On Oct 2, 2012, at 3:49 PM, Mark Friedenbach wrote:

> Well it's hard to boil it down to a specific test case, as it affects the 
> underlying assumptions that went into the design of ORM-tree. Here's an 
> explanation of what I'm doing, and perhaps you can tell me if I'm (ab)using 
> the API correctly:
> 
> The meat of the code is a mapper extension whose insert, update, and delete 
> hooks execute SQL expressions directly to update the nested-interval tree 
> parameters. For efficiency I use the SQL expression layer and then manually 
> update the working set of ORM objects to reflect the new state.
> 
> In essence:
> 
>     connection.execute(...update in sql expression language...)
>     for obj in session.identity_map:
>         ...same update, as python...
> 
> (The session.identity_map is accessible to the mapper extension because it 
> was tucked away as a hidden attribute in the object in a session extension 
> before_flush handler.)
> 
> As far as I can tell, the update to the session objects is now triggering a 
> 2nd flush, even though the purpose of the update was to refresh the objects 
> with their current database values.
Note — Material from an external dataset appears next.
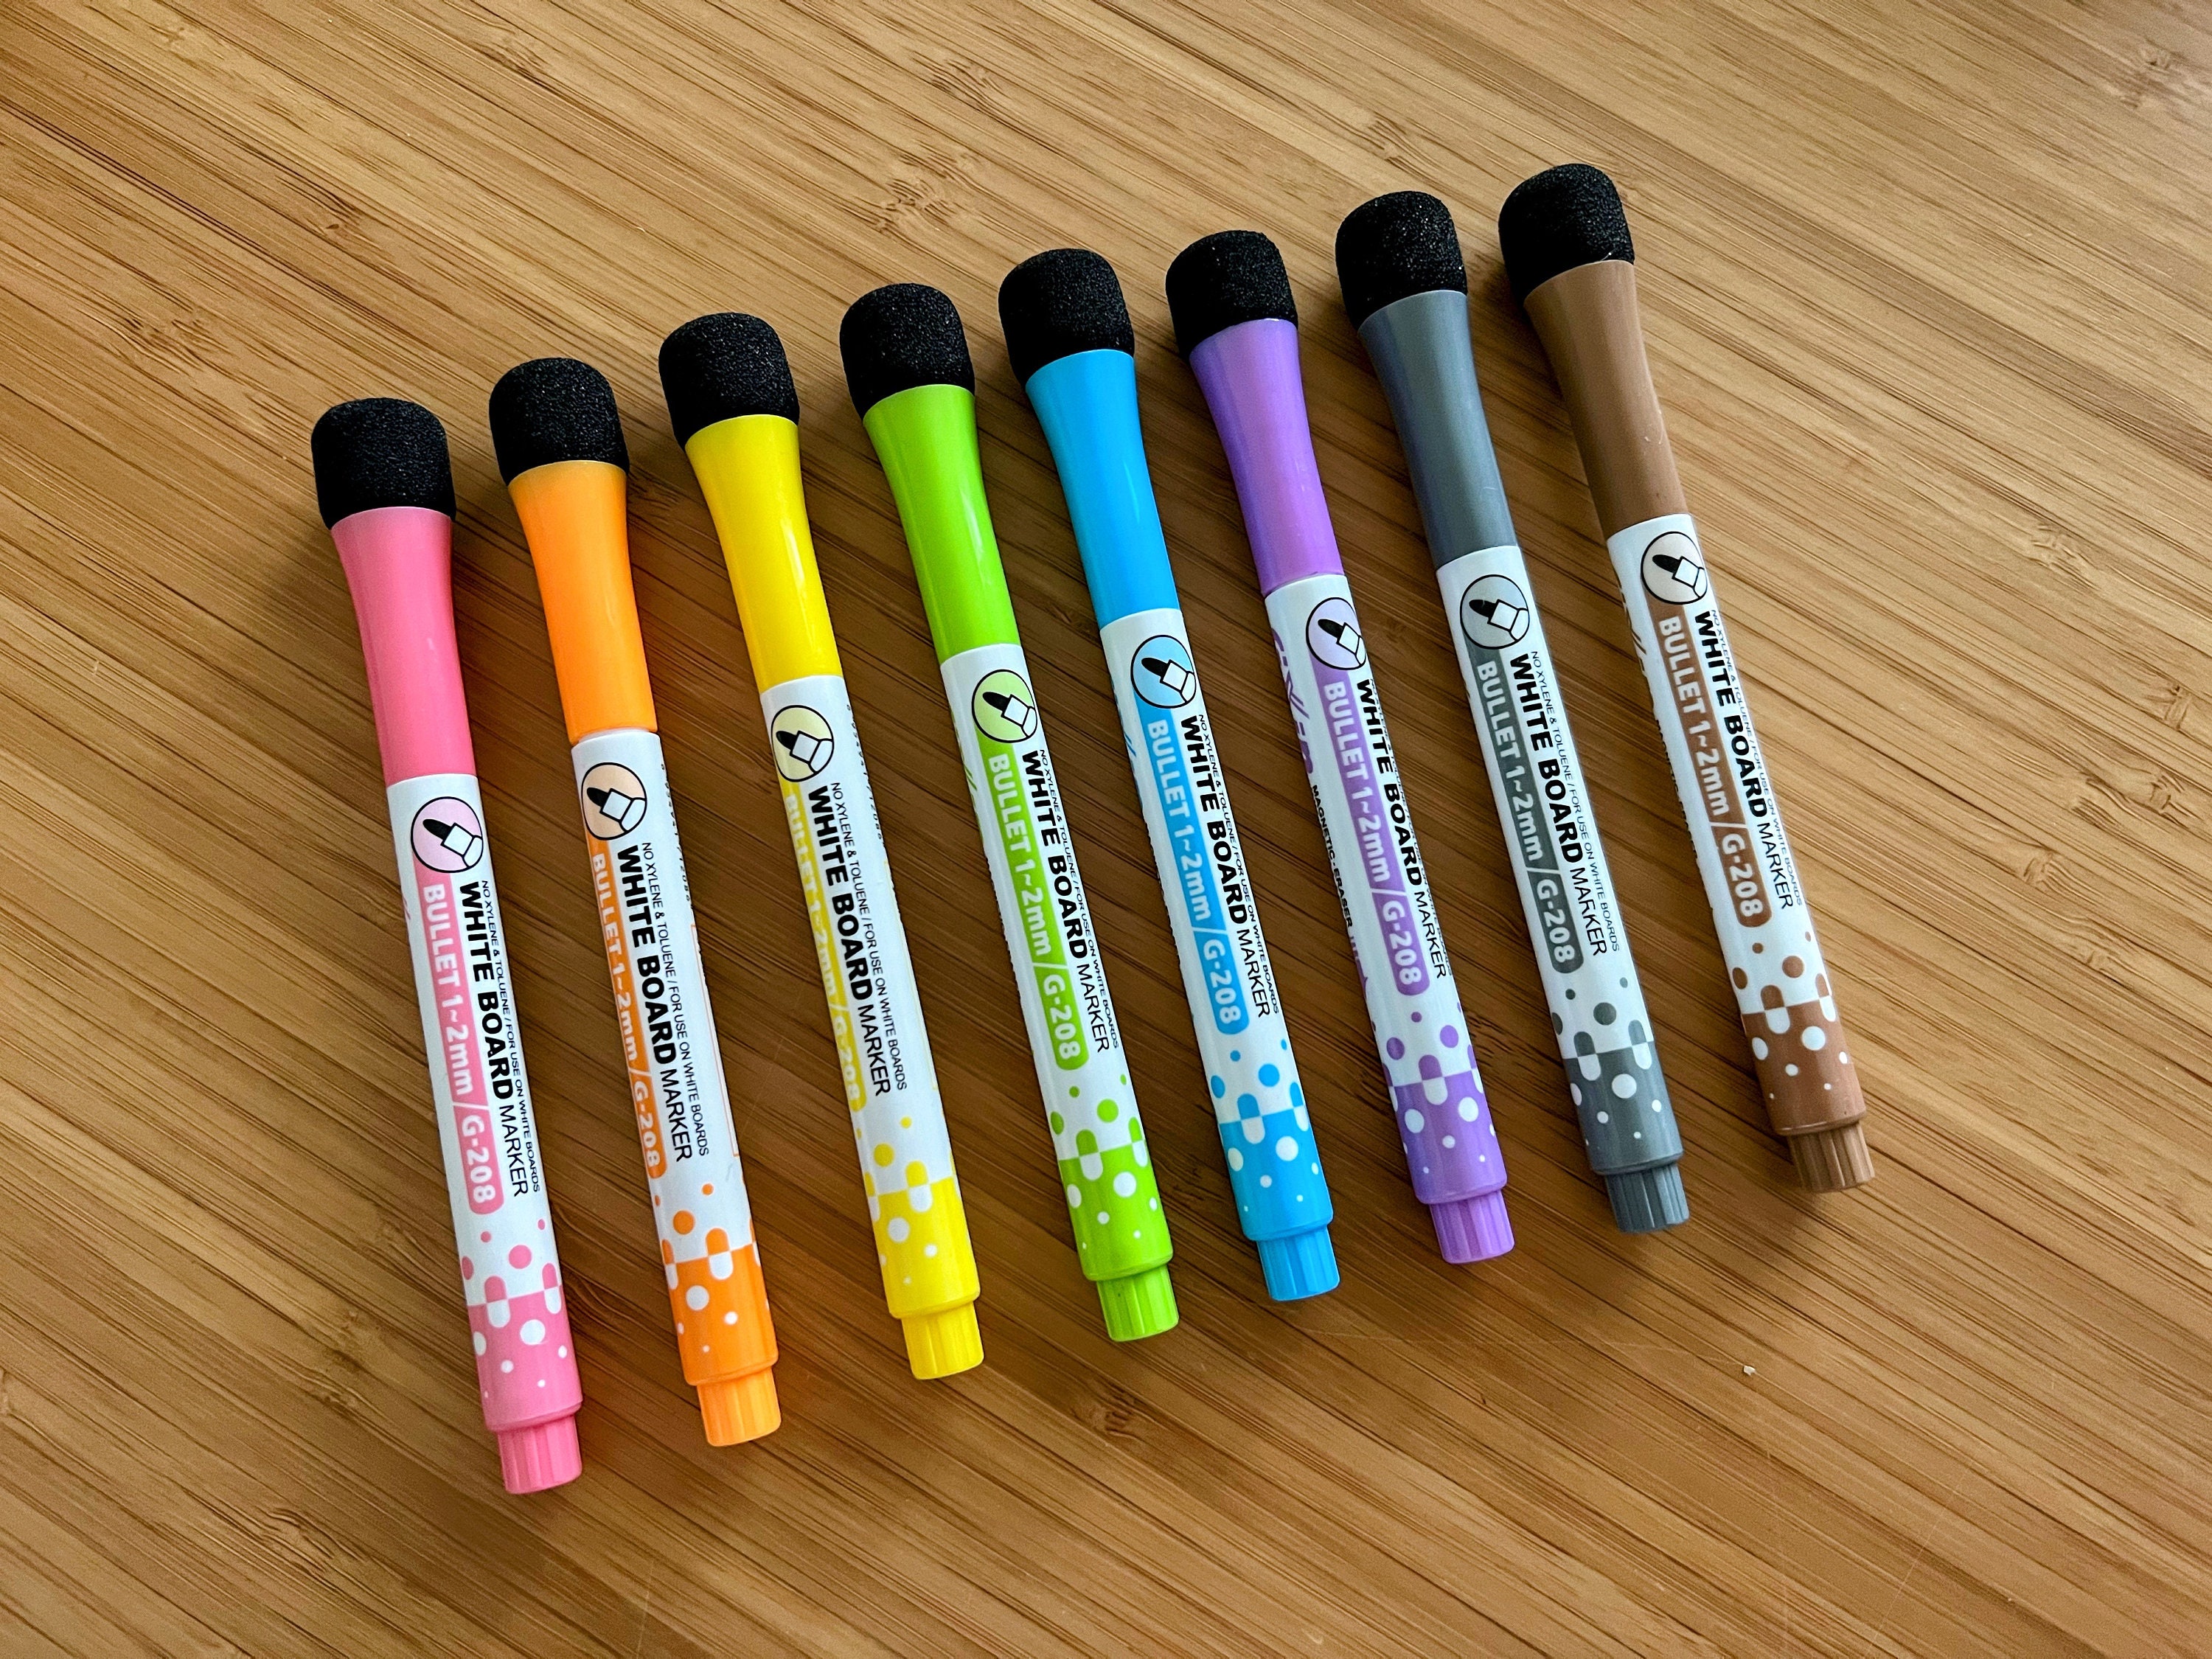 8pcs Whiteboard & Chalkboard Marker Pen, Erasable & Refillable

On the 2nd flush the SQL expression 
> updates get executed again, resulting in a corrupt database.
> 
> Any red flags in what I'm doing?

Basically, when the flush is finished, session.dirty, session.new and 
session.deleted should be empty.  If you add a quick after_flush_postexec() 
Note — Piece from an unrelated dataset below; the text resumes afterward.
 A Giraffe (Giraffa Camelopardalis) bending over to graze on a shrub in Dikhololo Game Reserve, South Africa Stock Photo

event, and inside the event assert that these are all empty, then you shouldn't 
get any subsequent flush.

If session.dirty is acquiring state due to attribute set events, as I see a lot 
of setattr() going on, you can set attributes without establishing history 
using set_committed_value(): 
http://docs.sqlalchemy.org/en/rel_0_7/orm/session.html#sqlalchemy.orm.attributes.set_committed_value
 .  However, if that's in fact what's happening, I might need to look into that 
because the "dirty" state of attributes should be unconditionally reset before 
the flush completes.  I just did a test to confirm that, so I'd be curious to 
see a test (unless I can come up with one here) that illustrates plain 
setattr() of a column-based attribute causing a second flush.   In theory it 
would be only .new and .dirty that might have state after the flush completes.